The combination of KV and exit query caches, known as the KVQ cache, reduces memory overhead and improves inference latency.
So far, the 🤗 transformers library has implemented the first optimization (Shared Weights) in this pull request. As the number of models that use this method increases, we'll consider the additional optimizations. Feel free to open a PR if you're interested!
How Early Can We Exit?
The early exit layer of the draft stage is a hyperparameter that we can tune or modify during inference:
- The earlier we exit, the faster the generation of draft tokens are but the less accurate they will be.
- The later we exit, the more accurate the draft tokens generated are but the slower their generation will be.
We wrote a script to sweep across different early exit layers and measure the tokens per second on A100 GPUs. In the Tables below we plot the tokens per second versus the early exit layer for different Llama models for both LayerSkip and baseline checkpoints (you can view the full logs here).
Llama3.2 1B
Llama3 8B
Code Llama3 34B
Code Llama3 7B
Llama2 70B
Llama2 13B
Llama2 7B
We can observe the following:
- For the baseline checkpoints that have not been pretrained or continually pretrained with the LayerSkip training recipe, early exit self-speculative decoding is slower than autoregressive decoding. This is because during training of most LLMs, earlier layers are not motivated to learn to predict the output, and hence generating tokens using earlier layers will have a very low acceptance rate.
- On the other hand, for the Llama checkpoints that were continually pre-trained with the LayerSkip
training, early exit self-speculative decoding has higher speedup than autoregressive decoding for
at least a subset of the layers.
- For most models, except Llama3.2 1B, we notice a regular pattern when we traverse across layers: speedup starts low for the first few layers, increases gradually to a sweet spot, and then decreases again.
- The early exit layer sweet spot is when we have the optimal tradeoff between high accuracy of predictions and low overhead of generating tokens. This sweet spot depends on each model, and may also depend on the prompt or domain of the prompt.
These observations present intriguing opportunities for further experimentation and exploration.
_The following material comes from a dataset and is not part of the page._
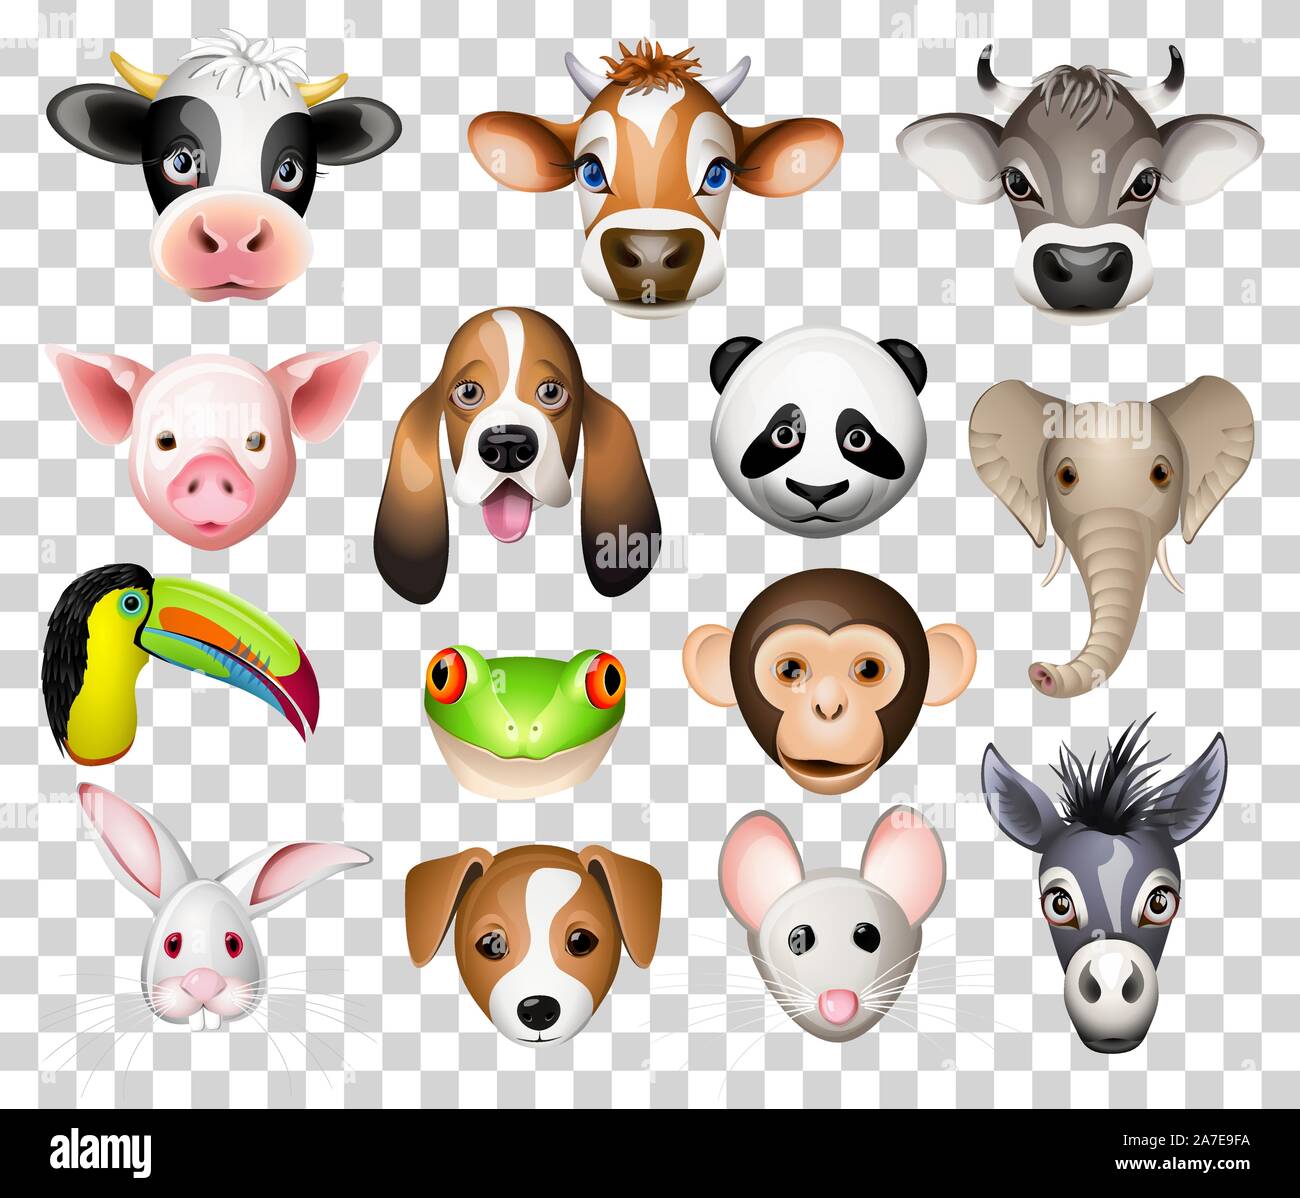 Ensemble d'illustration cartoon animaux avec vache, cochon, chien basset, panda, éléphant, toucan, grenouille, âne, lapin, souris et de l'âne Illustration de Vecteur

We encourage readers to build upon these ideas, test variations, and pursue their own research. Such efforts can lead to valuable insights and contribute meaningfully to the field.
Conclusion
LayerSkip leverages the synergy between early exit, layer dropout, and cache reuse to create a fast and efficient text generation pipeline. By training the model to unembed outputs from different layers and optimizing the verification process with caches, this approach strikes a balance between speed and accuracy. As a result, it significantly improves inference times in large language models while maintaining high-quality outputs. It also reduces memory compared to traditional speculative decoding techniques due to a single model used as both the draft and verification model.
Self-speculation is an exciting field where the same LLM can create draft tokens and fix itself. Other self-speculation approaches include:
- Draft & Verify: where the draft stage involves skipping pre-determined attention and feed forward layers.
- MagicDec: where the draft stage uses a subset of the KV cache, which is useful for long context inputs.
- Jacobi Decoding and Lookahead Decoding: Where the draft stage are a series of “guess tokens” that could be either random or obtained from a n-gram lookup table.